Readers will recall that we reported that the Biden Administration had instructed OSHA to issue revised guidance to employers on workplace safety measures during the COVID-19 pandemic. These guidelines were published on Friday. As stated by OSHA, the guidance “is intended to inform employers and workers in most workplace settings outside of healthcare to help them identify risks of being exposed to or contracting COVID-19 at work and help them determine appropriate control measures to implement.”
This guidance appears to apply only to non-healthcare and emergency response settings. As it notes, separate guidance applicable to those entities, referring to the CDC and OSHA guidelines. The guidance notes that its recommendations “are advisory in nature, informational in content, and intended to assist employers in providing a safe, healthful workplace.”
Regardless of the fact that the guidance is not law, in order to ensure compliance with OSHA’s “general duty” clause, all employers are strongly encouraged to read it thoroughly to determine what, if any, changes need to be made to their workplaces. The guidelines do several things. The first is to instruct employers to implement a COVID-19 Prevention Program, nothing that the “most effective programs engage workers, their union, or other representatives in the program’s development.
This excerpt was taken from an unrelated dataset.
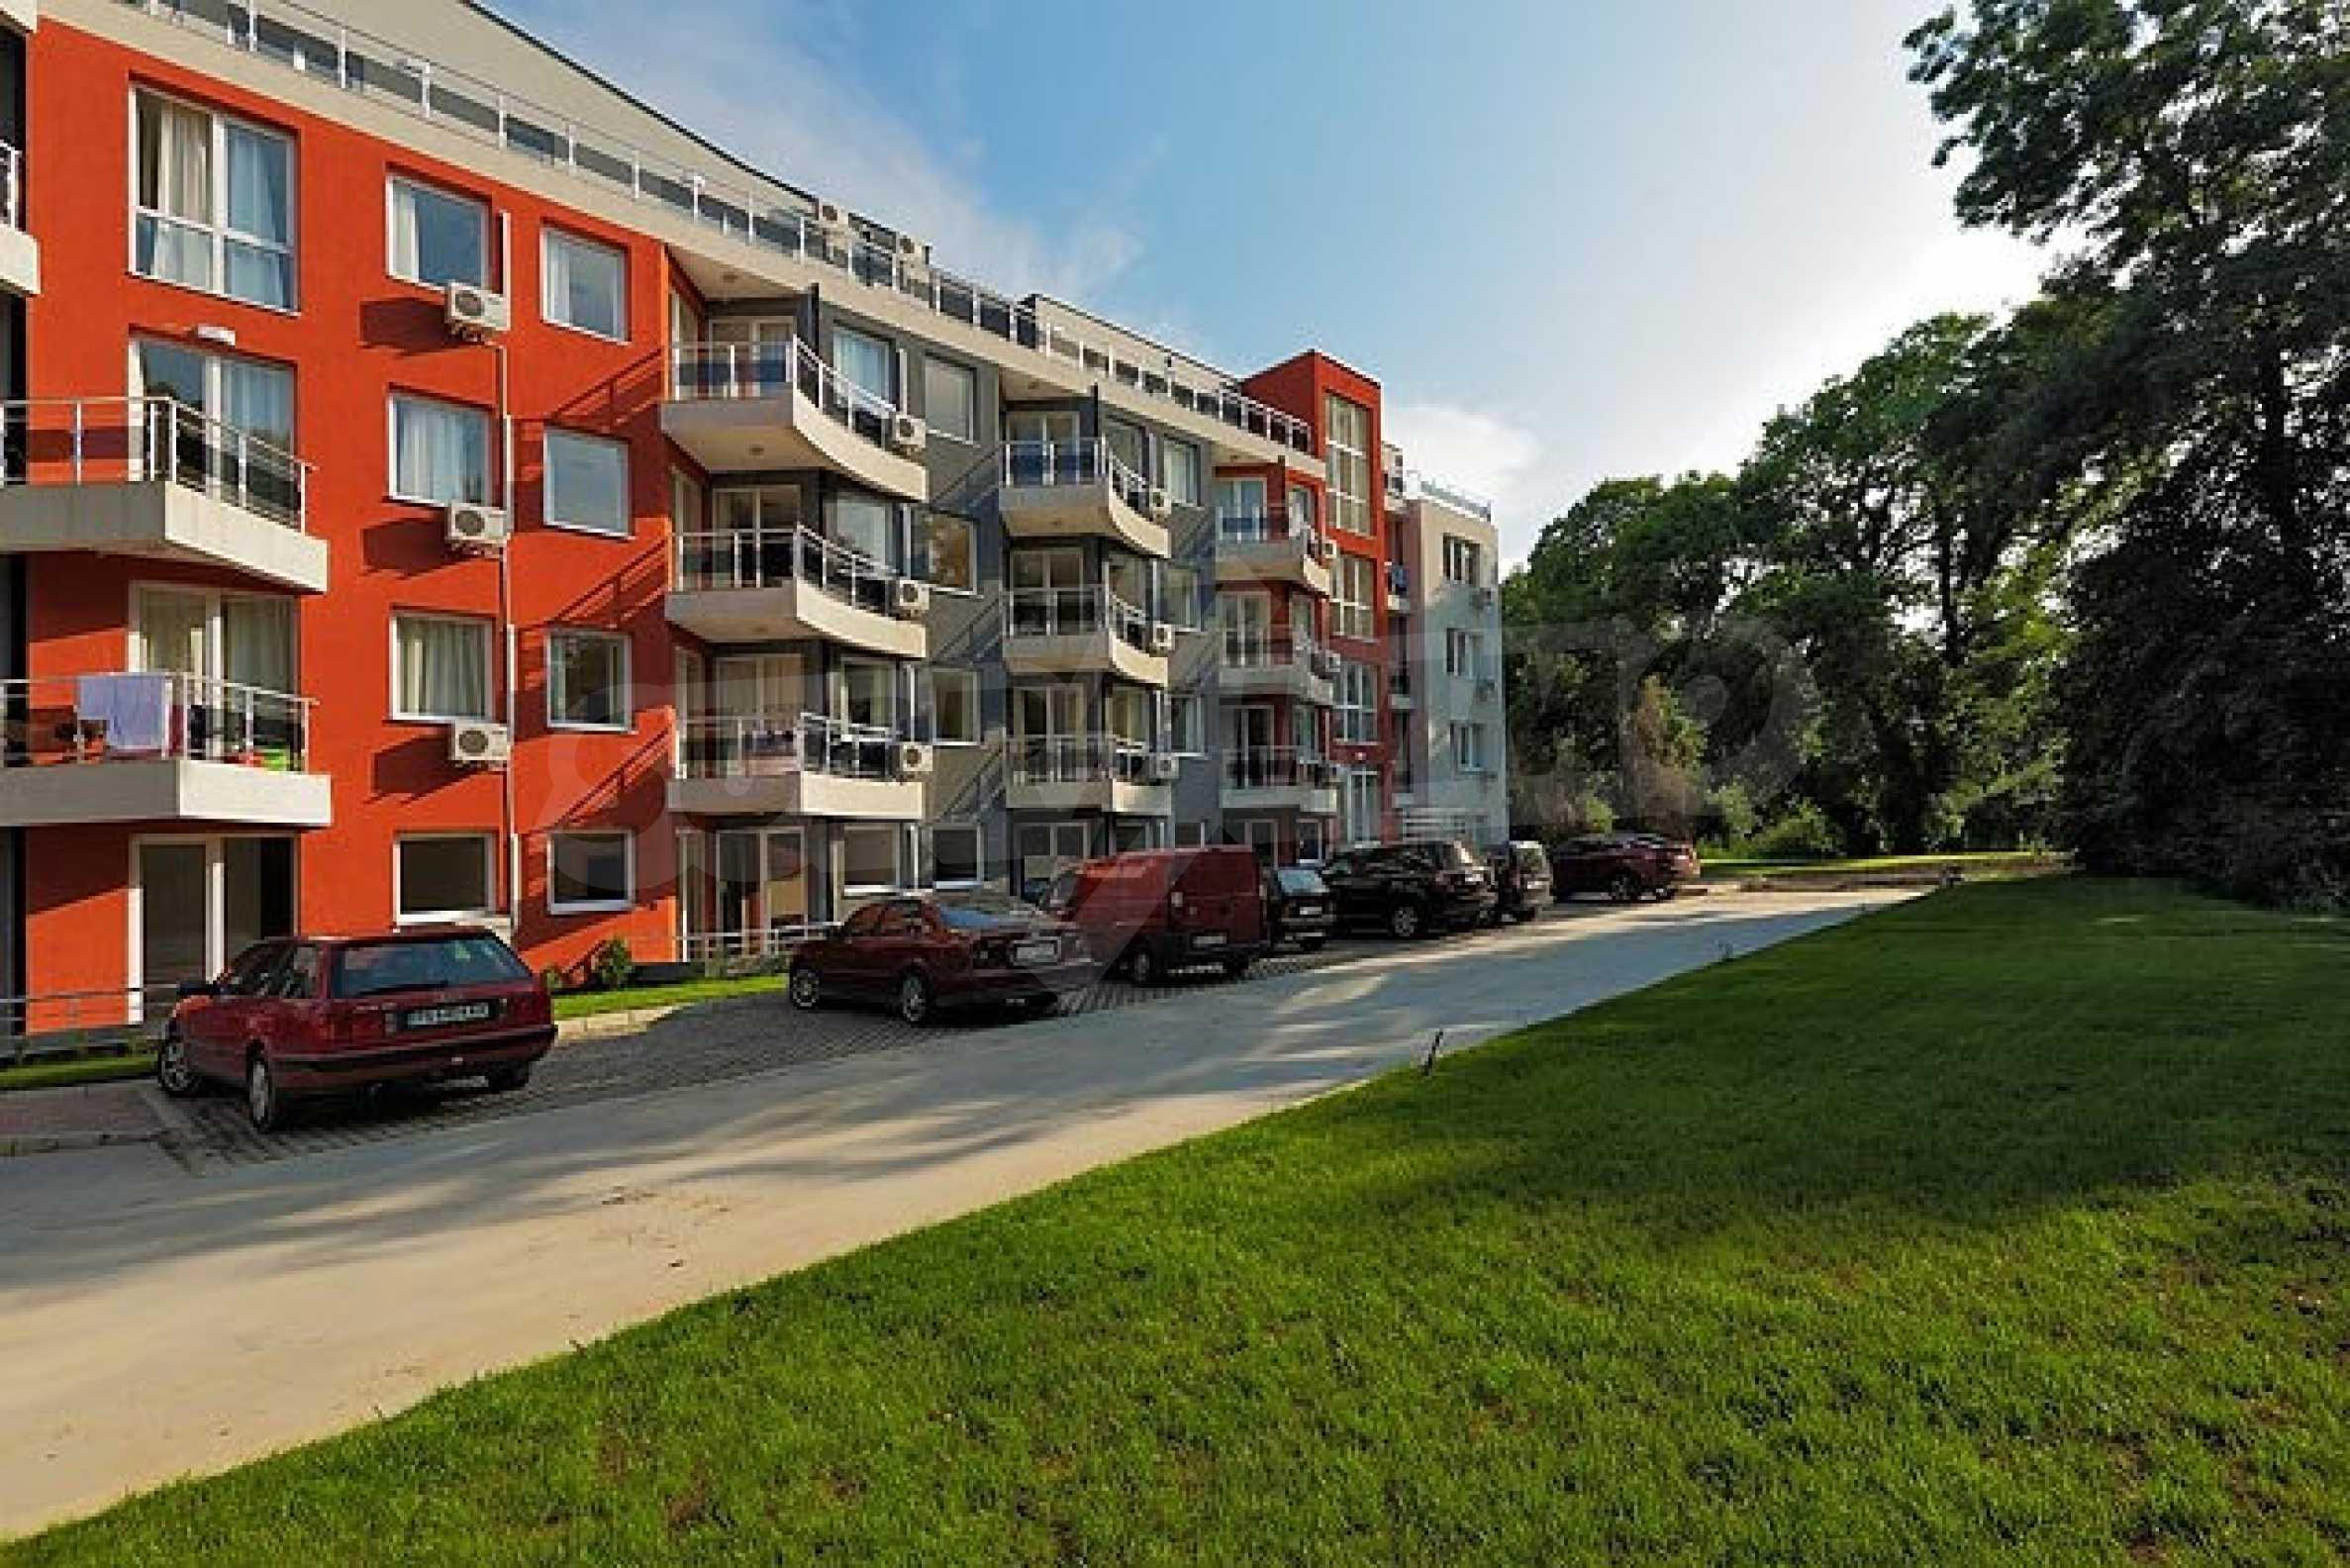 Трехкомнатный апартамент на продажу в комплексе Emberli в курорте Лозенец 6

They include the following key elements, conducting a hazard assessment, identifying a combination of measures that limit the spread of COVID-19 in the workplace, adopting measures to ensure that workers who are infected or potentially infected are separated and sent home from the workplace, and implementing protections from retaliation for workers who raise COVID-19 related concerns.”
The guidance then provides additional detail on particular measures and should be reviewed carefully. These include separating and sending home infected or potentially infected people from the workplace, implementing physical distancing in all communal work areas, installing barriers where physical distancing cannot be maintained, and suppressing the spread of the hazard by using face coverings.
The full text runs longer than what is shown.